Recommender systems are mature technologies, and there are already many recommender system toolkits on the web and various recommenders published in various top conferences. Even though there is a lot of public information about recommender systems, there is a lack of an open source recommender system that works out of the box. Such a phenomenon is actually caused by the nature of the recommender system itself, which involves different technologies including storage, computation, and business. Gorse aims to be a universal open source recommender system that can be easily introduced into online services.

Recommendation Principles

The process of recommending items consists of two phases, matching and ranking. The matching phase finds a collection of candidate items from all items for subsequent ranking. Due to the large number of items, the recommender system is unable to perform the computational workload of ranking all items, so the matching phase uses simple strategies or models to collect the candidate items. At present, the system has implemented three matching strategies, namely "recent popular items", "latest items" and "collaborative filtering". The ranking phase ranks the matched items after removing duplicate items and historical items.
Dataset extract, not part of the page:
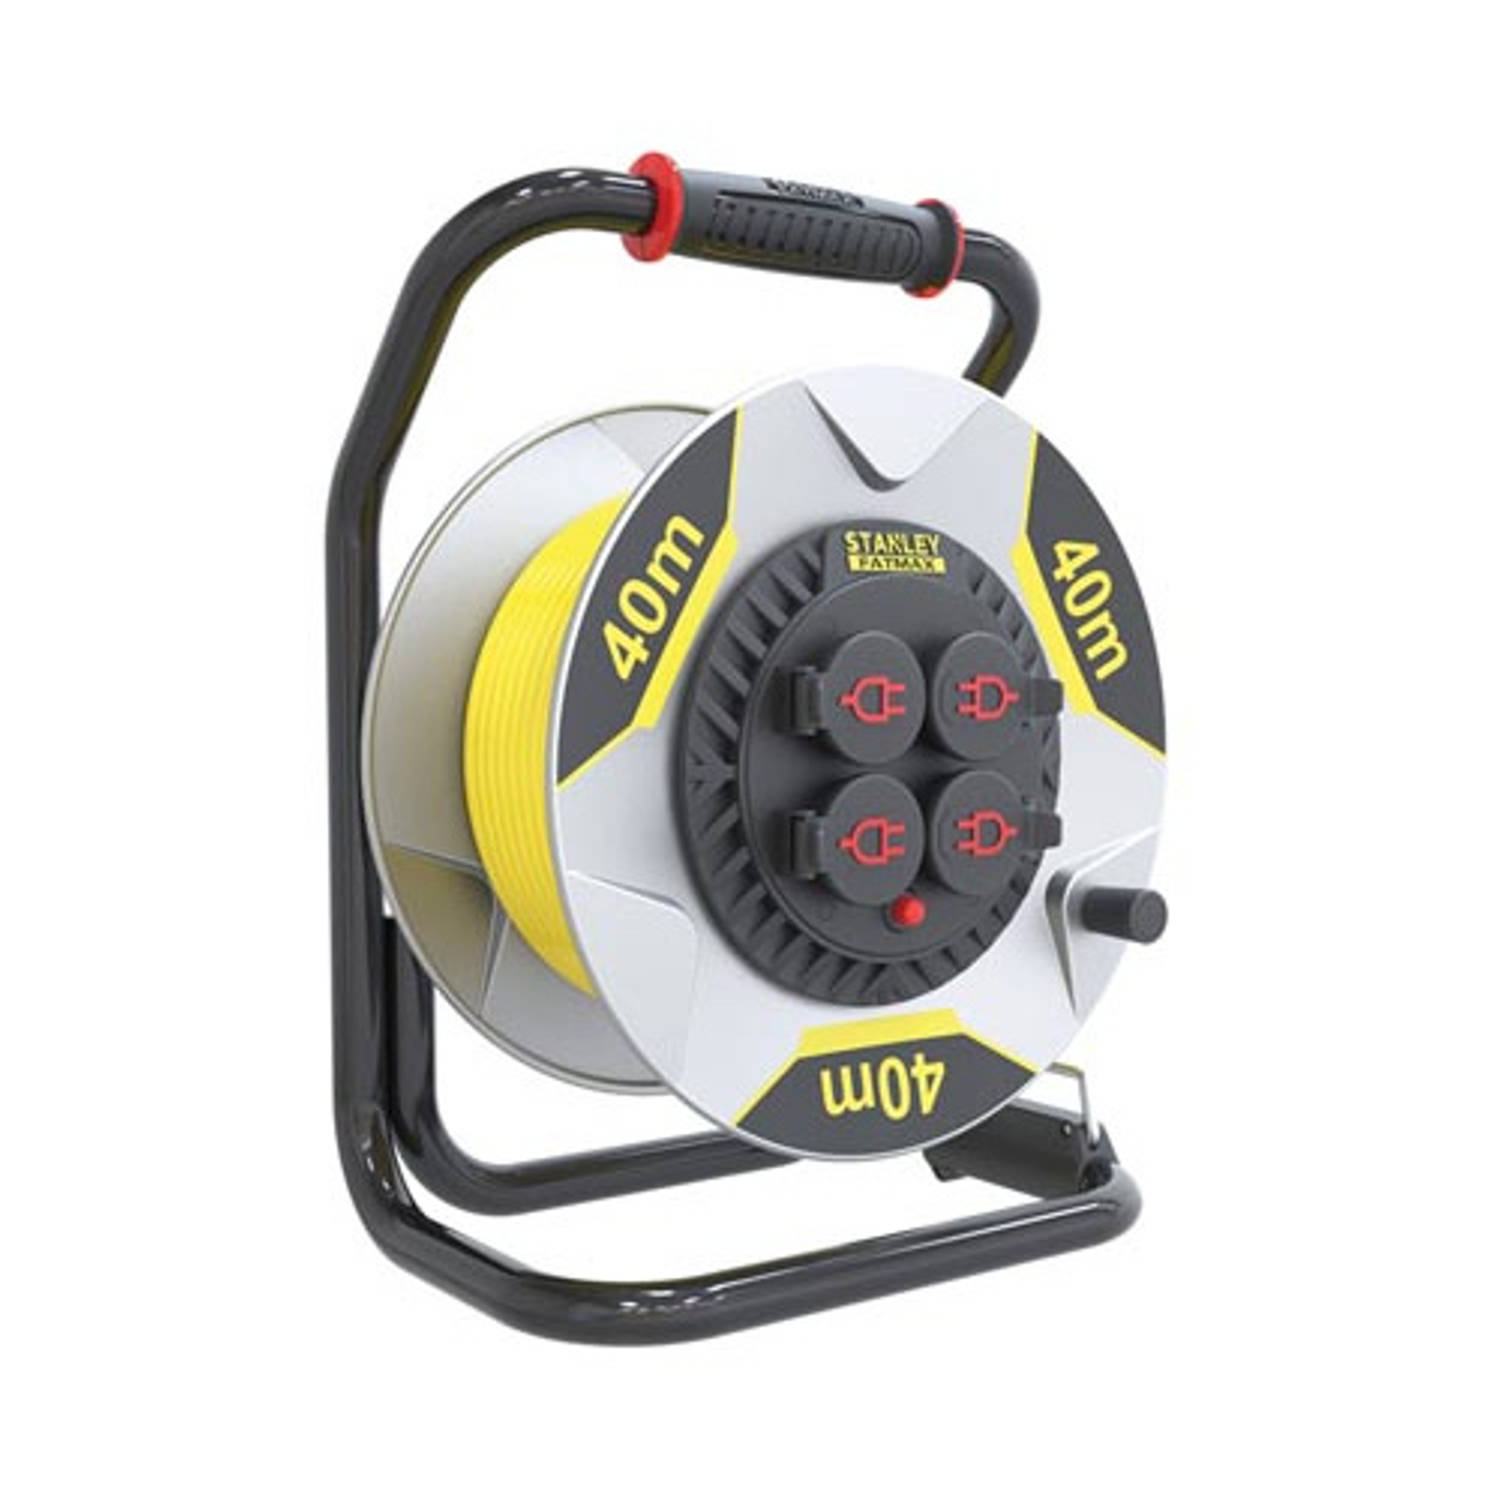 Stanley Fatmax Professional Neoprene Cable Reel With Anti-twist System 40 M 3g2.5 4 Sockets
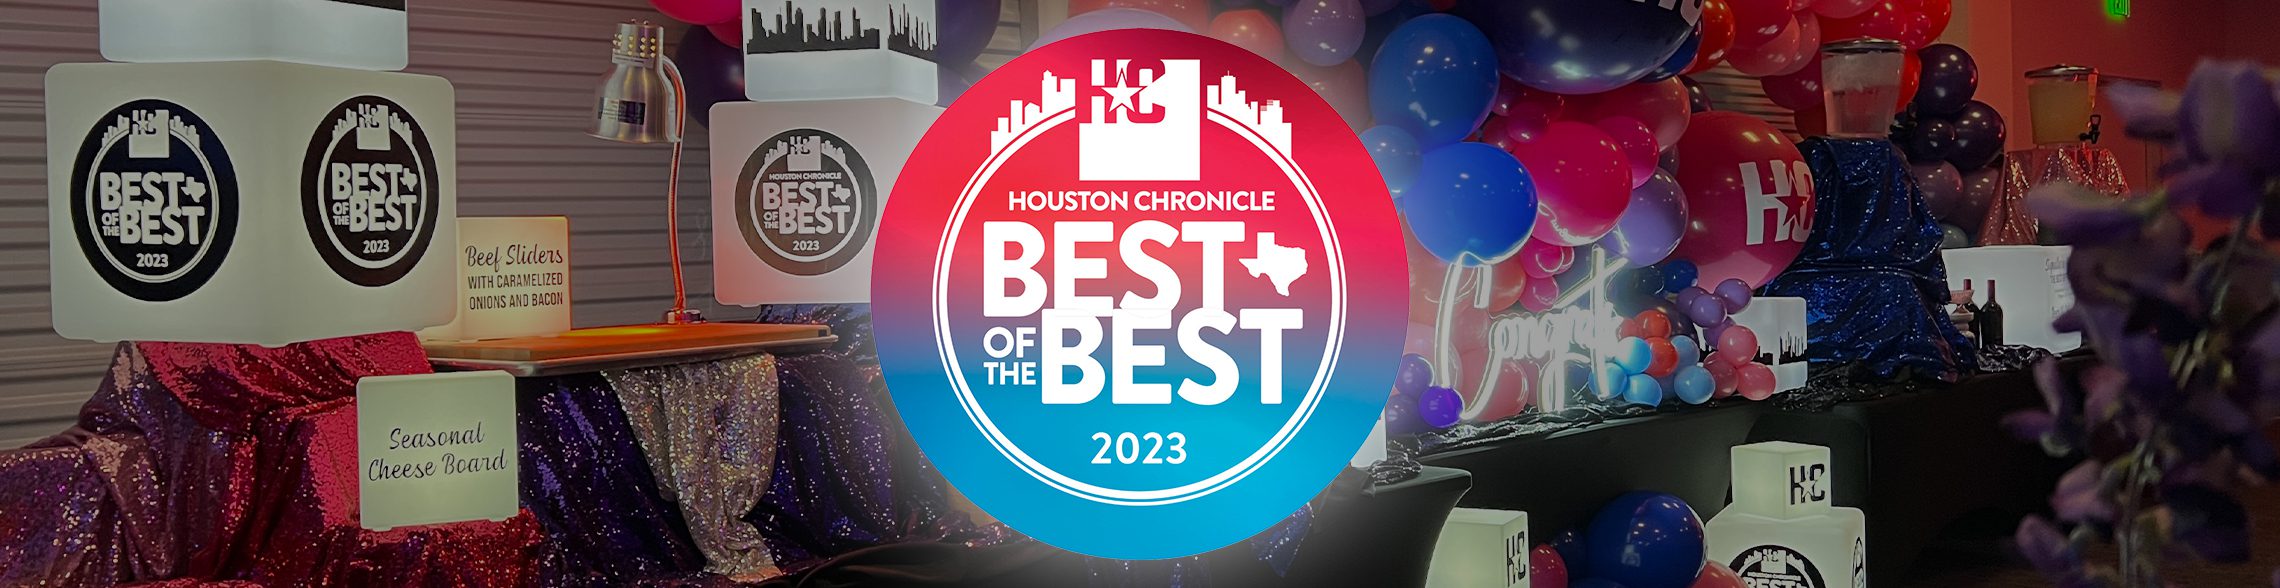 Houston Chronicle Best of The Best Awards » Houston Party Planners

The ranking model exploits the items and user features to improve recommendation accuracy.

System Architecture

Gorse is a single node training and distributed prediction recommender system. Gorse stores data in MySQL or MongoDB, with intermediate data cached in Redis. The cluster consists of a master node, multiple worker nodes, and server nodes. The master node is responsible for ranking model training, collaborative filtering model training, non-personalized item matching, configuration management, and membership management. The server node is responsible for exposing the RESTful APIs and online real-time recommendations. Worker nodes are responsible for personalized matching for each user - currently only collaborative filtering is supported. In addition, administrator can perform model tuning, data import and export, and system status checking via the CLI.